Context windows keep expanding. Claude Sonnet 4.6 supports 1M tokens in beta. At that scale, the distinction between "indexing" and "just loading everything" starts to blur — a sufficiently large context window could theoretically hold a medium-sized codebase in its entirety.

There is a catch. NxCode's analysis of Opus 4.6 at 1M tokens documents a 17-point MRCR retrieval accuracy drop as context fills (93% at shorter contexts, 76% at 1M tokens). Large context is available but not free of quality degradation — models lose precision at the edges of their effective attention range. Loading an entire codebase into a context window does not guarantee the model uses that context accurately.

Three trajectories are running in parallel:

Agentic search improves its execution. Relace's parallel tool call result — 4x latency reduction by calling 4–12 tools simultaneously via RL-trained optimization — shows the sequential bottleneck can be engineered away. The fundamental approach stays the same; the execution gets more efficient. Expect Claude Code's own tool execution to move in this direction.

Hybrid architectures become the production consensus. The HN community thread on agentic vs. RAG in production reflects what practitioners are reaching for at enterprise scale: vector prefiltering to narrow candidates, followed by agentic confirmation. Faster first-query response from embeddings, precision and freshness from grep-based verification. Neither architecture alone is the final answer for the largest systems.

Context window economics change the calculus. With 1M token contexts and Anthropic's 81% cost reduction from prefix caching, the "loading an entire codebase is prohibitively expensive" constraint is weakening. Anthropic's principle — "just in time retrieval of the smallest possible set of high-signal tokens" — remains the right engineering philosophy, but the practical threshold for "too large to load" keeps rising.

What is not changing is Cherny's underlying bet. Claude Code is described by its creator as "a Unix utility, not a product". The design principle is "do the simple thing first": memory is a markdown file, prompt summarization is done simply, search is grep. Complexity is deferred until it is demonstrated to be necessary. The RAG experiment demonstrated it was not — at least not for the majority of workloads.

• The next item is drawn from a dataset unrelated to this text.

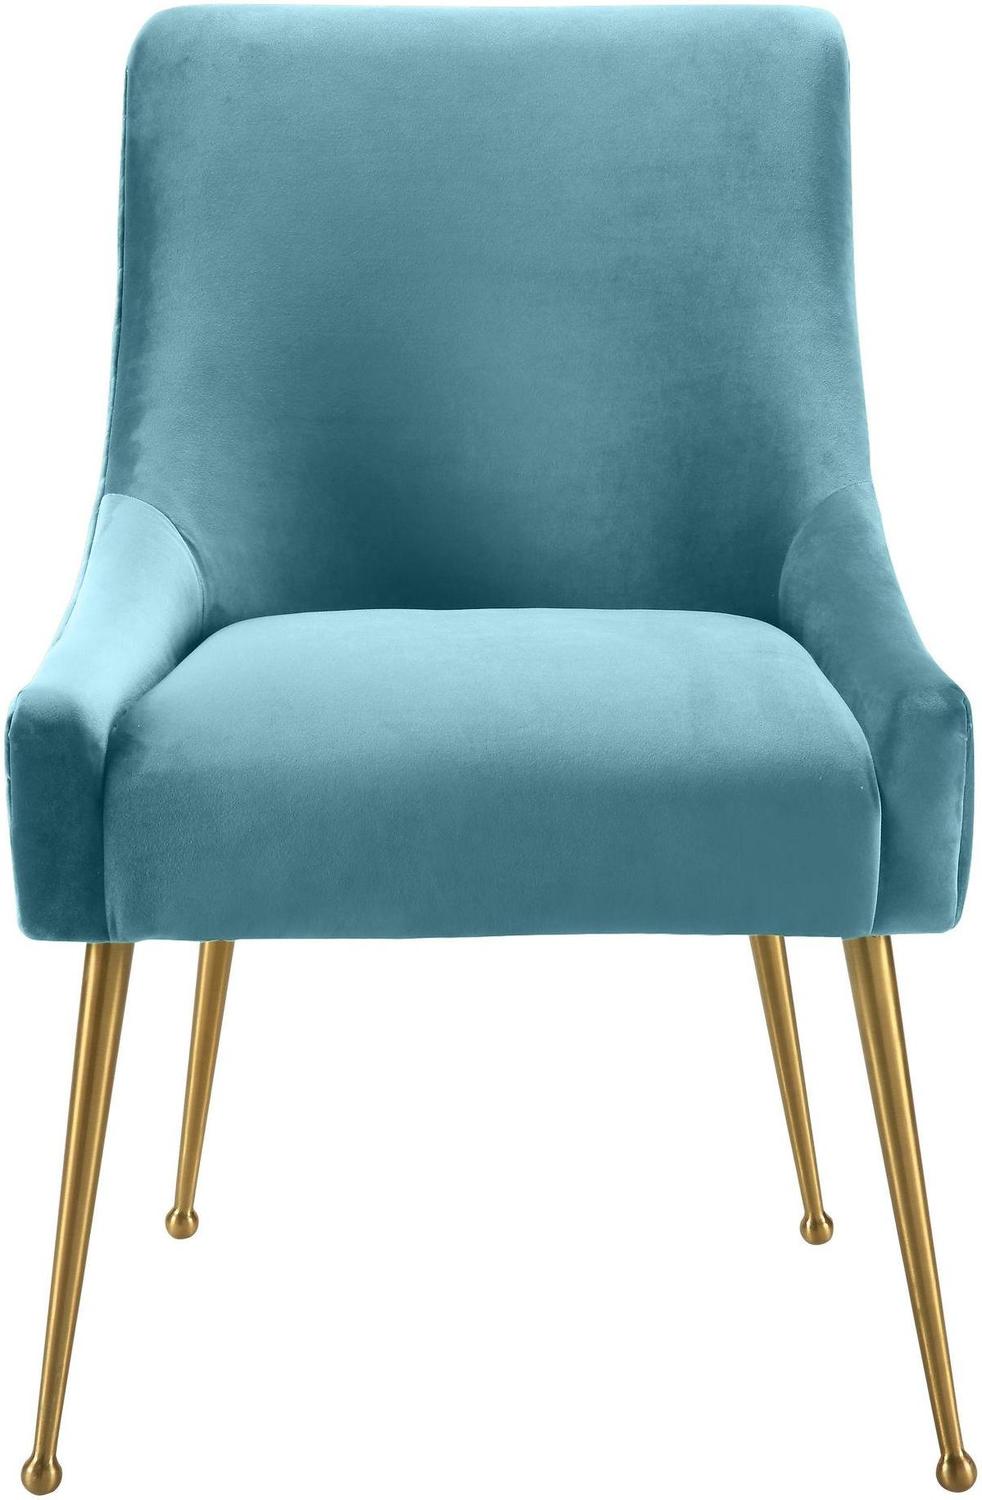 cream and gold accent chair Contemporary Design Furniture Dining Chairs Sea Blue

The one scenario where indexing becomes necessary is the scenario that is genuinely hard to grep: a monorepo at Google or Meta scale, with millions of files, multiple programming languages, decades of naming inconsistency, and teams who need to ask conceptual questions about code they have never read. That is a real workload. It is not the workload Claude Code was designed for.

For the rest — developers working on their own codebases, on team projects with shared naming conventions, on repositories they understand well enough to name what they are looking for — the agentic search approach holds. Grep is precise, fresh, and private. The model learns to search the way you would, because it has the same tools you do. And as 1M-token context windows become the baseline, the gap between "search" and "load everything" shrinks further — which means the principle Anthropic bet on (retrieve just in time, keep context tight, prefer simplicity) only becomes more relevant as the underlying capability improves.